Rethinking Detection Based Table Structure Recognition for Visually Rich Documents

Table Structure Recognition (TSR) aims at transforming unstructured table images into structured formats, such as HTML sequences. One type of popular solution is using detection models to detect components of a table, such as columns and rows, then applying a rule-based post-processing method to convert detection results into HTML sequences. However, existing detection-based studies often have the following limitations. First, these studies usually pay more attention to improving the detection performance, which does not necessarily lead to better performance regarding cell-level metrics, such as TEDS. Second, some solutions over-simplify the problem and can miss some critical information.
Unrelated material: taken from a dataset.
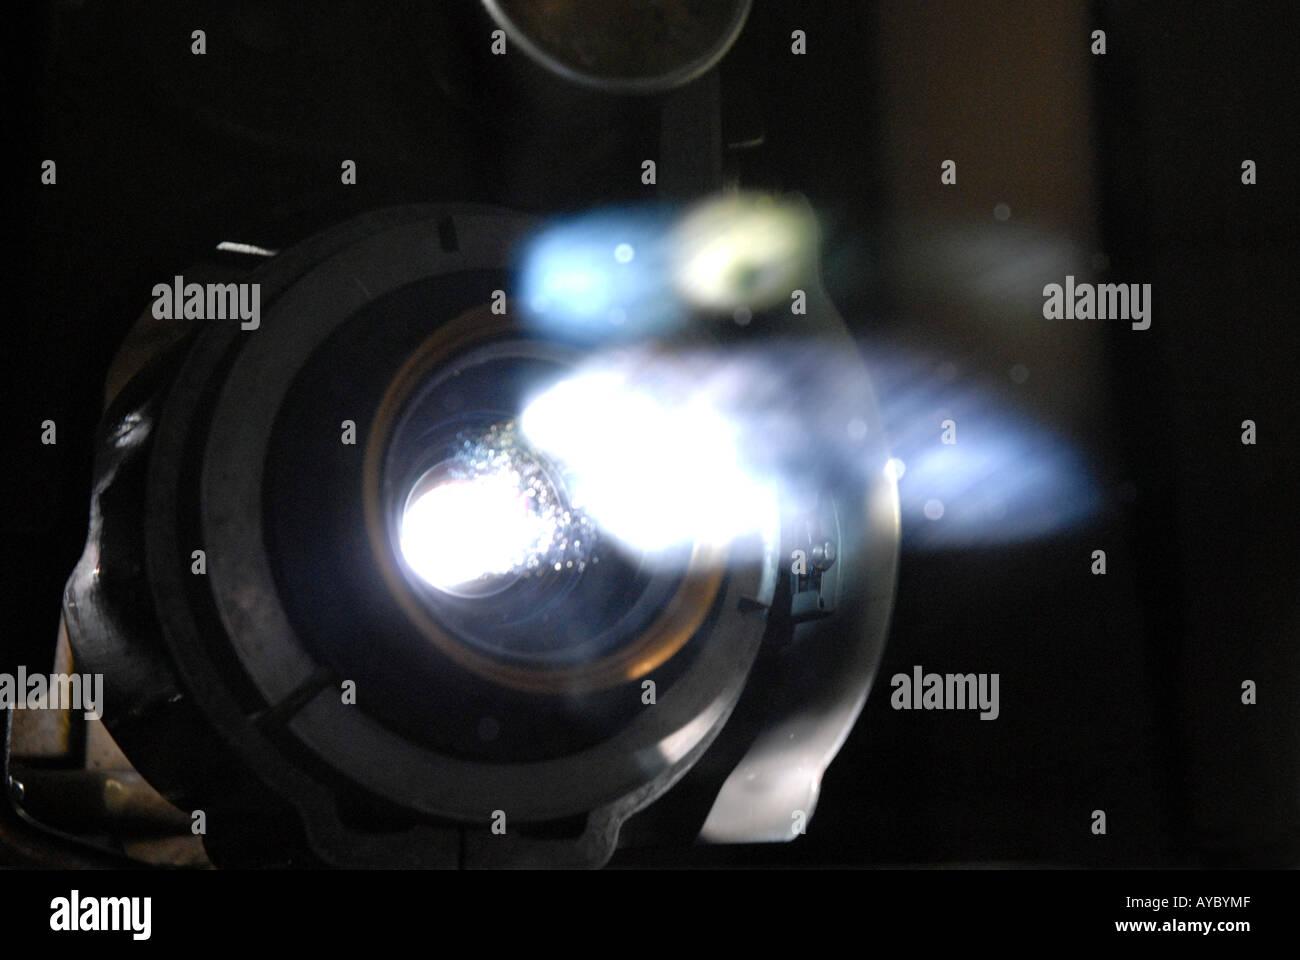 Projector de cinema imagem da lente Imagens de Stock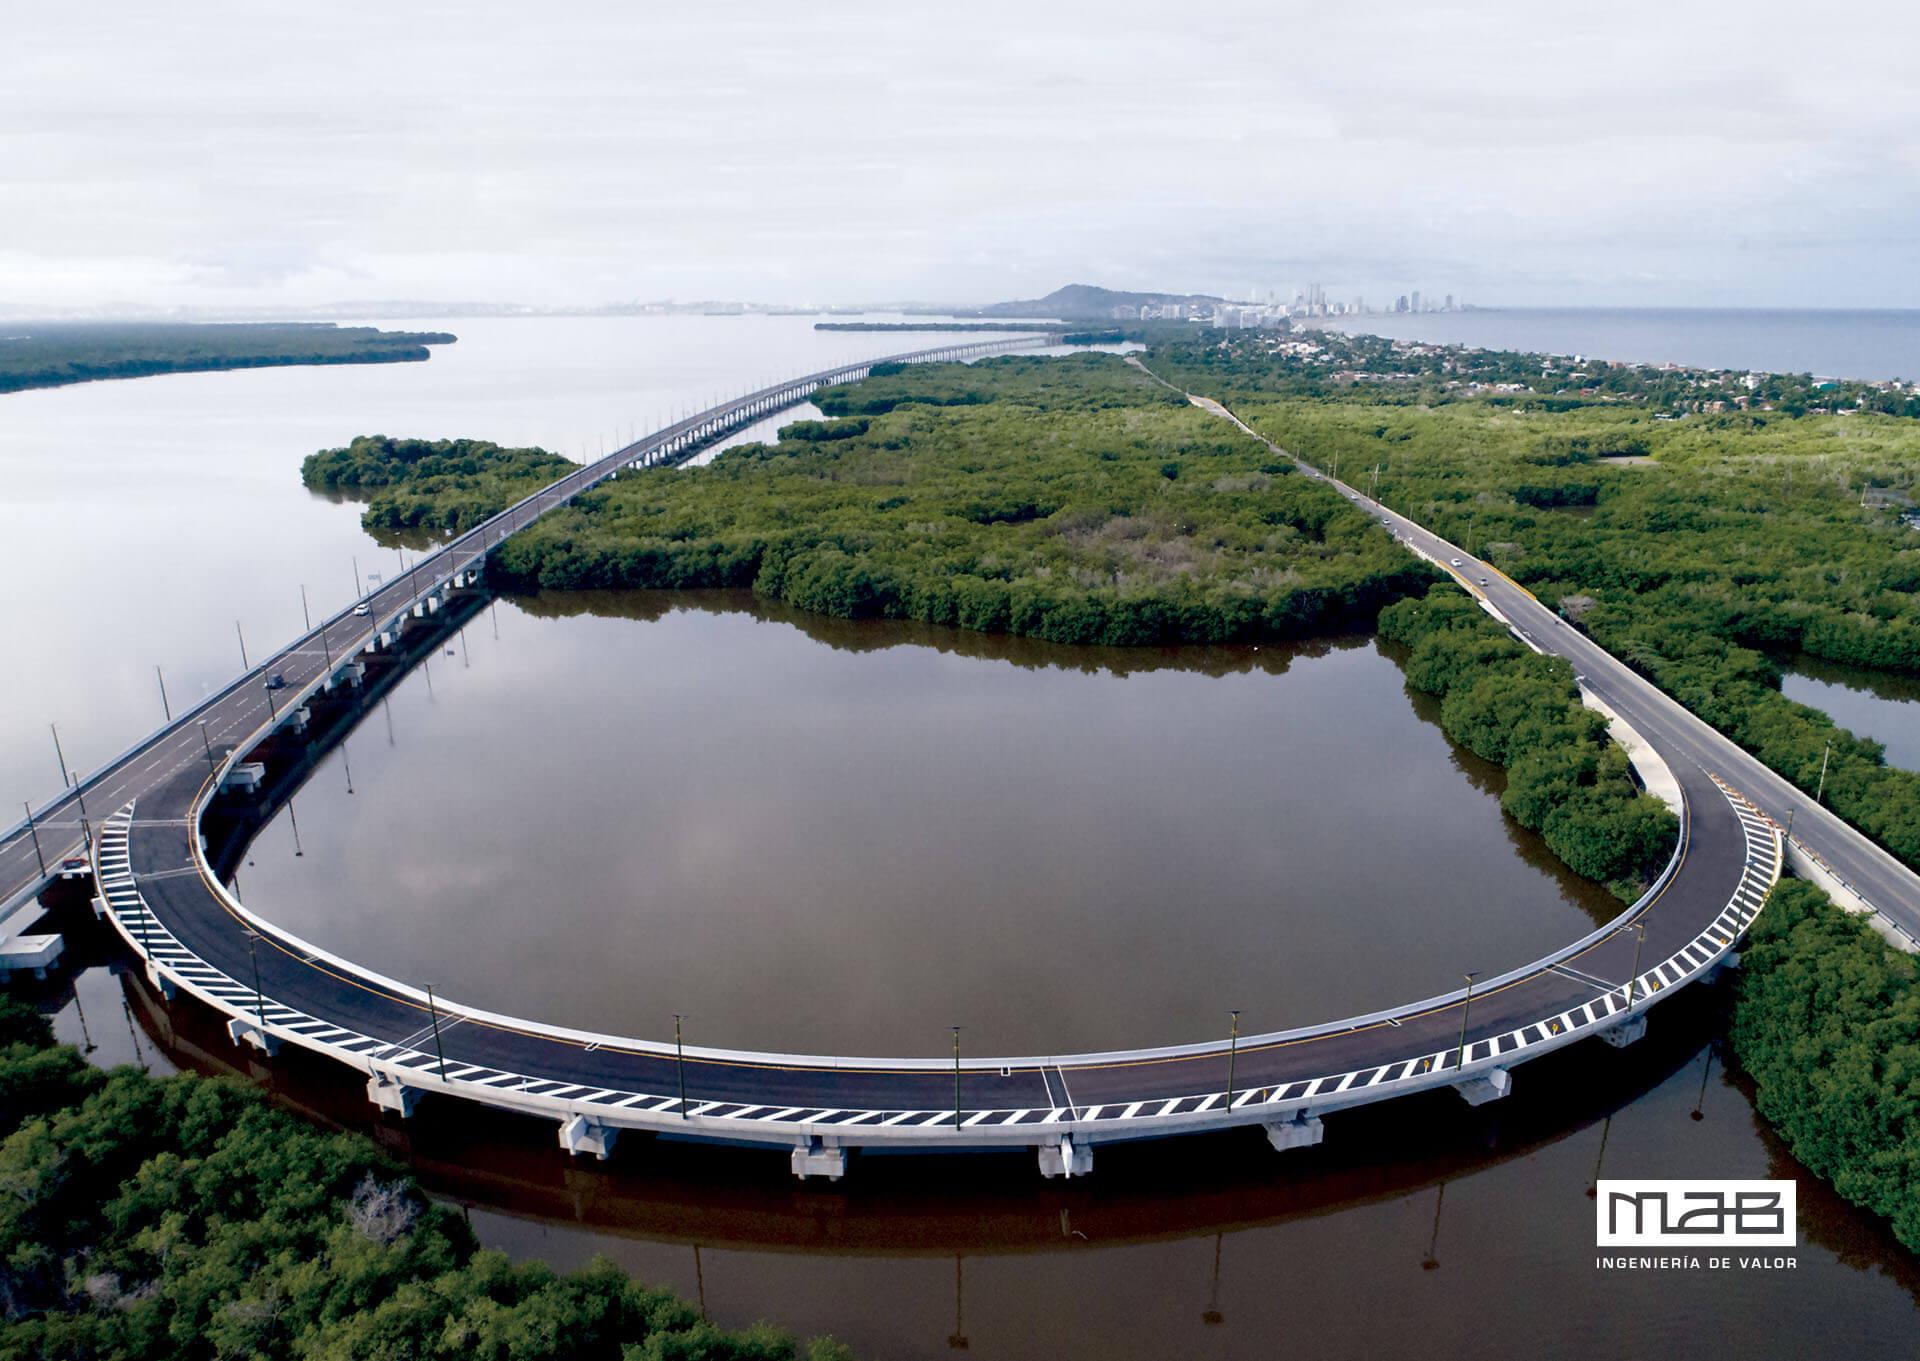 Viaducto de la Paz recibe Premio Nacional de Ingeniería y Premio Nacional de Medio Ambiente 2019

Lastly, even though some studies defined the problem to detect more components to provide as much information as other types of solutions, these studies ignore the fact this problem definition is a multi-label detection because row, projected row header and column header can share identical bounding boxes. Besides, there is often a performance gap between two-stage and transformer-based detection models regarding the structure-only TEDS, even though they have similar performance regarding the COCO metrics. Therefore, we revisit the limitations of existing detection-based solutions, compare two-stage and transformer-based detection models, and identify the key design aspects for the success of a two-stage detection model for the TSR task, including the multi-class problem definition, the aspect ratio for anchor box generation, and the feature generation of the backbone network. We applied simple methods to improve these aspects of the Cascade R-CNN model, achieved state-of-the-art performance, and improved the baseline Cascade R-CNN model by 19.32%, 11.56% and 14.77% regarding the structure-only TEDS on SciTSR, FinTabNet, and PubTables1M datasets.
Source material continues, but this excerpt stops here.